Yes, my ancient toaster works, but I do have two back-ups of the same model in storage. . . don't tell my husband. . . ! And I gave my sister one of the same models as she loves mine. She doesn't use it much because she has no counter space and doesn't eat much toast. So I guess I have triple-redundancy for a toaster failure in a toaster emergency!

 
I am truly hoping that my ancient food processor never dies

It goes back to prehistoric times and is a Sunbeam Le Chef.
It is the most faithful work horse in my kitchen and I shudder at the thought of having t replace it.

I do have a Cuisinart combination blender/ mini food processor and they work really well, but do sound like I have a jet plane taking off in my kitchen.

 
Mini is Oster. Not that great, but works for crumbs, etc. For smaller items I use a coffee grinder.

Full size is 37-year old Cuisinart.

 
Seems to be the case with

well...that wasn't supposed to happen.

seems to be the case with new appliances. My old Cusinart needs a crane to get it onto the counter now. Didn't seem like that 20 years ago; how did it get heavier? But I would love to have a replacement bowl for it.

I have a mini bowl for my 1970 Oster blender, that is so handy. Its bowl also needs to be replaced but disgustingly, I used crazy glue to mend it. I'm still alive.

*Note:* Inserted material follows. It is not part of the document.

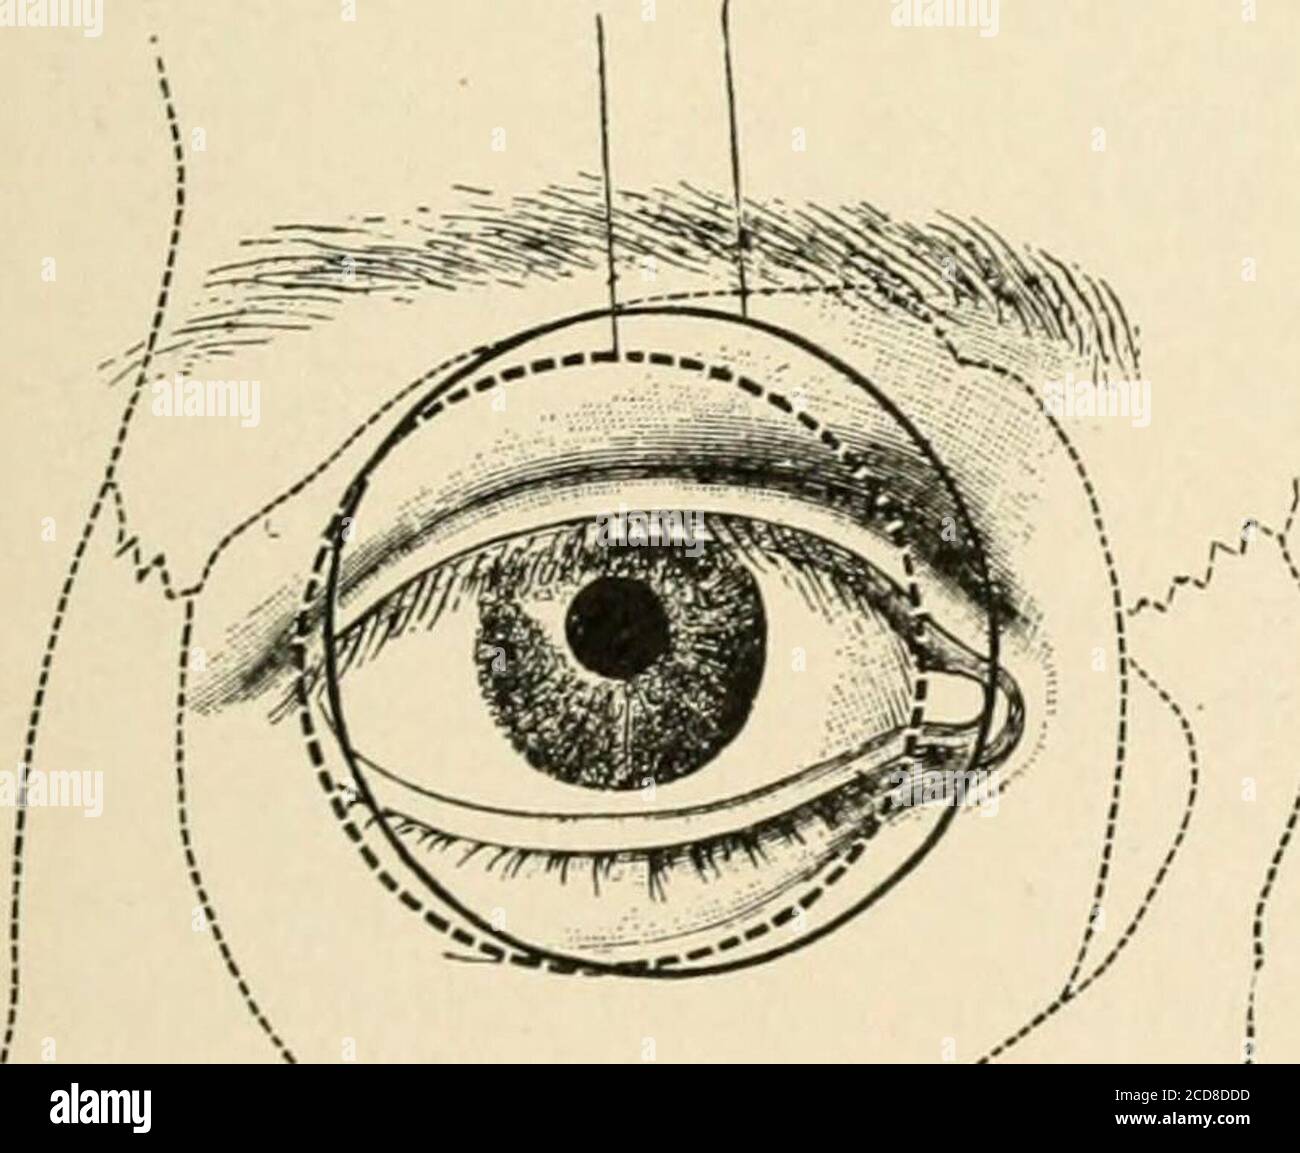 . A treatise on diseases of the eye . Nerves of tlie Oibit and Ophthalmic Ganglion, side view. (Gray.) EYELIDS 43 Fig. 19 narily wide open, from 8 to 14 mm; it frequently Varies in width in thetwo eyes. Temporally the lids approach each other at a sharp angle,forming the external canthus. When the lids are separated, a delicate,thin membrane stretches acrossthis angle, forming the externalcommissure. At the inner angle ofthe lids, internal canthus, the pal-pebral fissure is horseshoe in shape,the ends of the shoe correspondingto the puncta lachrymalia. Puncta Lachrymalia.—The punctalachrymalia Stock Photo

I'm with Judy, confident but just keeping fingers crossed that the old heavy-duty motors will carry on. It's the hard plastic bowls that are the problems. The dishwasher is quite the destructive element in this process. Had I not been putting the Cuisinart bowl into the dishwasher, I know it would have fit perfectly today.

 
And my upper cabinets are somehow out of reach -

did the kitchen fairies renovate while I slept? Thank goodness for step stools and dedicated counter space smileys/wink.gif Colleen

 
I did for "2 cents" at Kohl's! All plastic - except the blade smileys/wink.gif

Toastmaster for $5. Works great for lightweight processing - dishwasher safe. Highly disposable but appropriately priced. Colleen

 
I just ordered replacement parts for my 40 year old Cuisinart DLC7 base. They are hard to

find and expensive. I sure hope they fit well and the purchase isn't a mistake. That machine was one of the first and it is so heavy and sturdy compared to the newer versions.